A successful artist’s work nearly always survives beyond the artist’s death—but how do you actively preserve, and perpetuate their ideas? Take pioneering rule breaker Robert Rauschenberg, whose artworks from the 1950s through to the early 2000s questioned the very meaning of art. Like the blank canvases he called his White Paintings (which were said to have inspired fellow Black Mountain College alumnus and close friend John Cage’s silent musical score, 4’33”), his collages made from Moroccan trash (the ones he didn’t sell he threw into a river), his stuffed goat or his blank piece of paper with the self-explanatory title Erased de Kooning Drawing (1953), an artwork said to have taken him one month and 40 erasers to complete. When Rauschenberg died in 2008, leaving behind him a legacy that existed not just in museums but in people’s inspiration, the question was, how do you caretake a vision once the visionary is gone? How do you ensure that ideas live, breathe and continue to evolve?

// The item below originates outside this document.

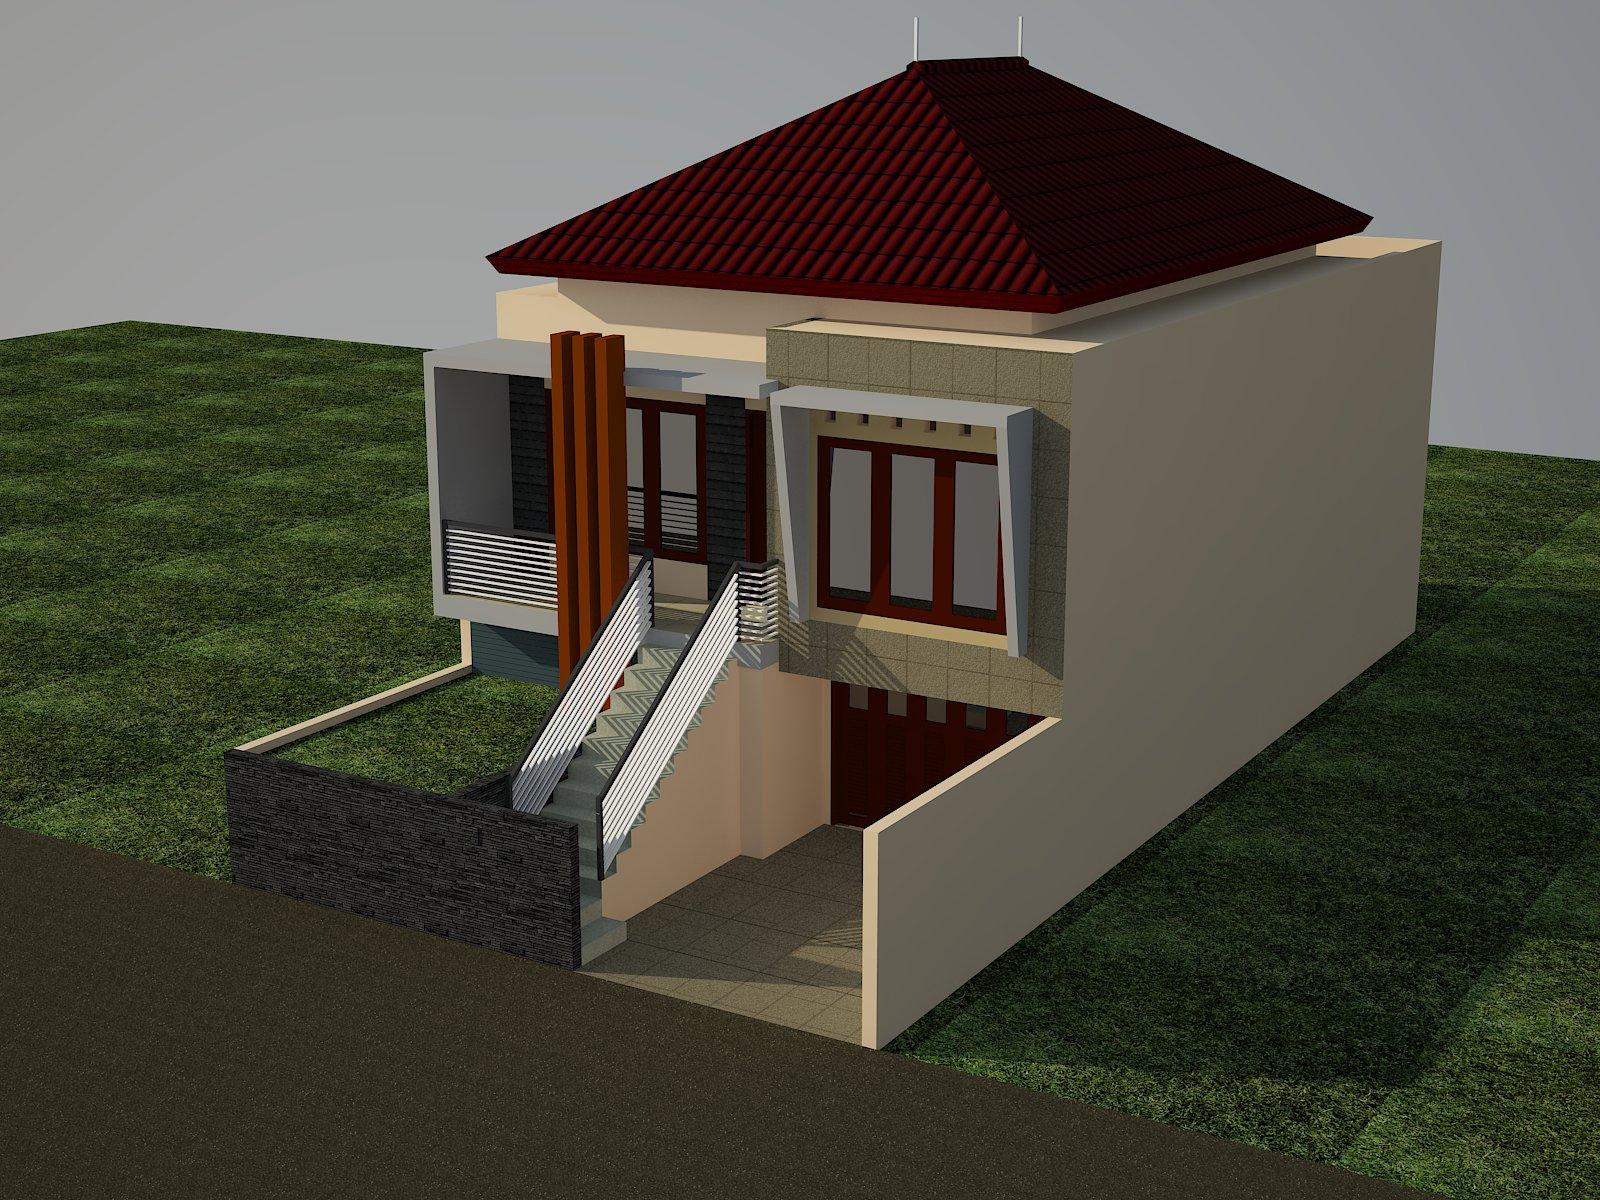 15 desain rumah dengan basement

The task was entrusted to a woman named Christy MacLear, who, as head of the Robert Rauschenberg Foundation, is dedicated to keeping not just the work but the ideals of Robert Rauschenberg alive. “What we do is defined singularly by the values that we have defined, and those values were defined by the people who were closest to Bob,” says MacLear. “So it’s not just that we give grants, it’s that we give grants to things that are fearless, that are creative problem-solving, that are global-minded and interested in peacekeeping across borders. We will fund projects that may fail because we are funding risk-seeking or catalytic types of moments in an artist’s career.”
The foundation provides a sanctuary where artists can push the boundaries of their own vision, à la Rauschenberg. Rauschenberg’s former home and studio on Captiva Island off the coast of Fort Myers, Florida, is now a 20-acre compound accepting 10 new artists every five weeks from varying geographies and disciplines. And the rest is up to them. “They get to come in, they get a house, they get a studio or a dance studio or a sound studio and they get to work on their artistic practice,” says MacLear. “We don’t expect anything to come out of it and we don’t ask them to give us anything in return. What we find is that most artists come in and with that degree of liberty, they actually expand their artistic disciplines. We find that with that open space for their creative practice, they interact and try something entirely new.”
Performance artist Laurie Anderson is an alumnus—as are many emerging artists. Some go on to become well known for their art, some don’t. While on Captiva, they are all rewarded equally, though. Rewarded for being risk takers and fulfilling the foundation’s goal of seeding new generations of rule breakers—artists after Rauschenberg’s own heart.